Classification-only applicability: The GDA-based visual pipeline restricts the method to classification tasks, precluding extension to detection or segmentation.
Insufficient privacy analysis: Although only statistics rather than raw data are transmitted, whether class-specific means and covariance matrices could leak private information warrants deeper investigation.
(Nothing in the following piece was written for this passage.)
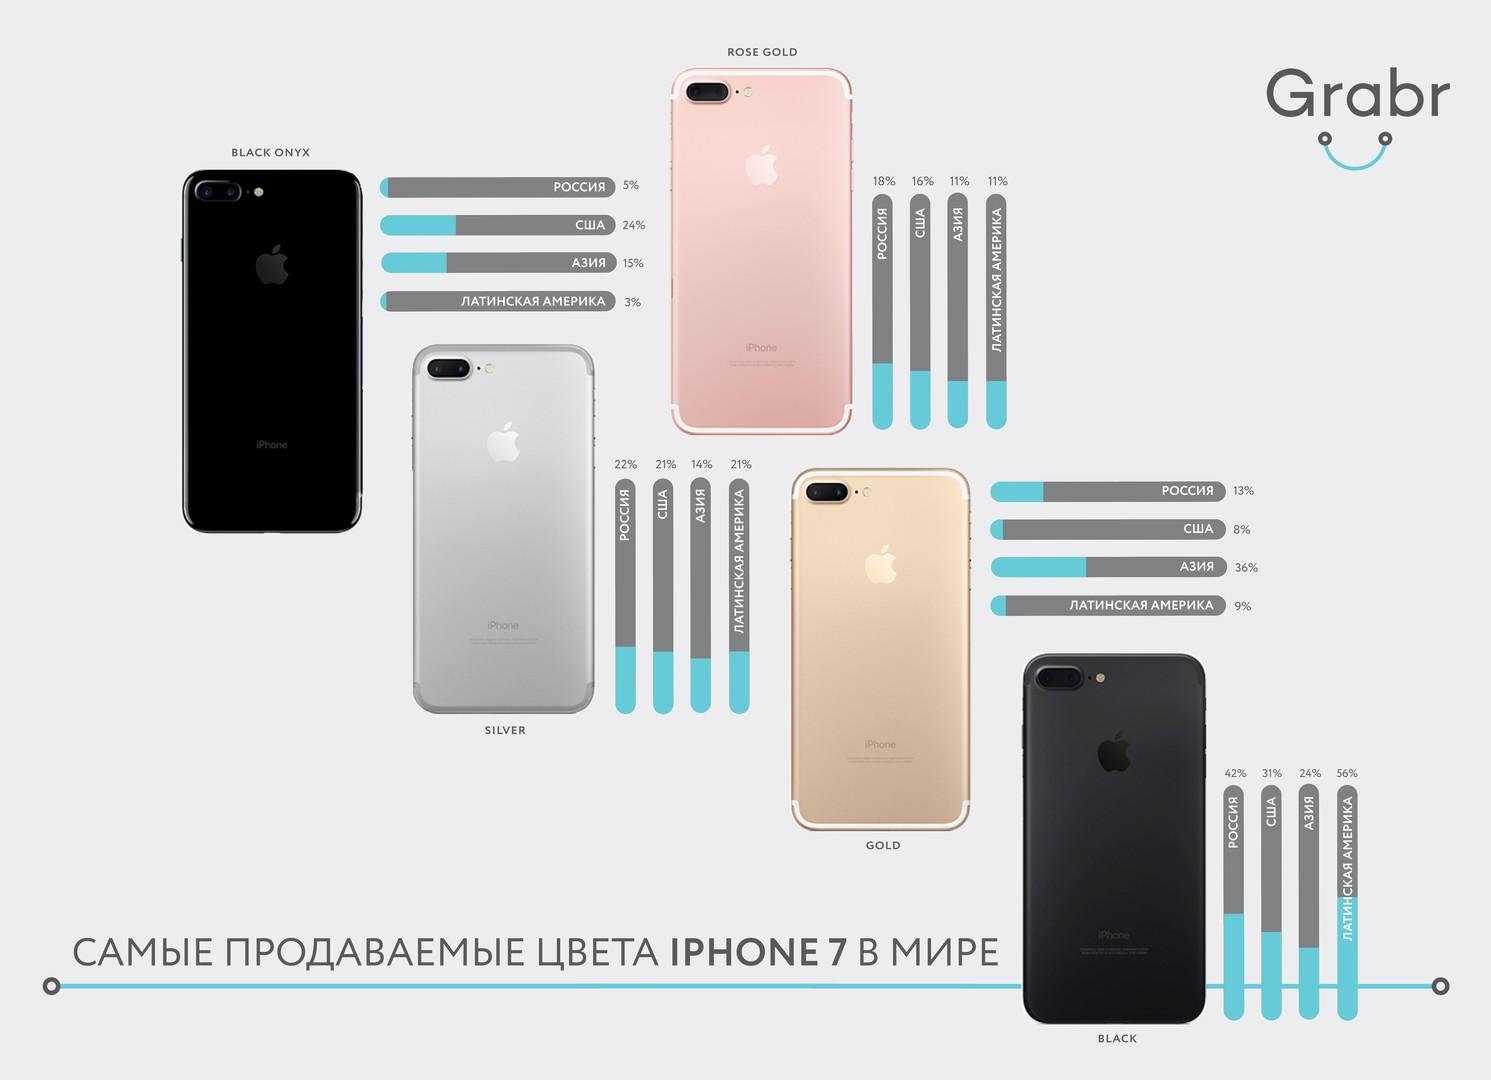 Стало известно какой iPhone предпочитают украинцы

vs. PromptFL/pFedPrompt: These multi-round training methods require repeated client–server communication and gradient computation. TOFA is entirely training-free and completes adaptation in a single round, achieving comparable or superior performance on most datasets.
vs. CLIP-GDA: Both methods employ GDA, but CLIP-GDA is a purely local approach without federated aggregation. TOFA incorporates global information via hierarchical Bayes, yielding greater robustness under heterogeneous settings.
vs. FedLPA: FedLPA is a one-shot method but requires client-side training and relies solely on the visual modality. TOFA is training-free and leverages both modalities, achieving substantially superior performance.

Rating¶

Novelty: ⭐⭐⭐⭐ The combination of hierarchical Bayes, global text alignment, and adaptive fusion represents a pioneering contribution in the FL + VLM domain.
Experimental Thoroughness: ⭐⭐⭐⭐ Evaluated on 9 datasets with diverse heterogeneity settings, 4 categories of baselines, and comprehensive ablation studies.
Writing Quality: ⭐⭐⭐⭐ Mathematical derivations are rigorous, though the high density of formulas somewhat reduces readability.
Value: ⭐⭐⭐⭐ Provides a practical solution for resource-constrained federated VLM adaptation; the performance under training-free and one-shot constraints is impressive.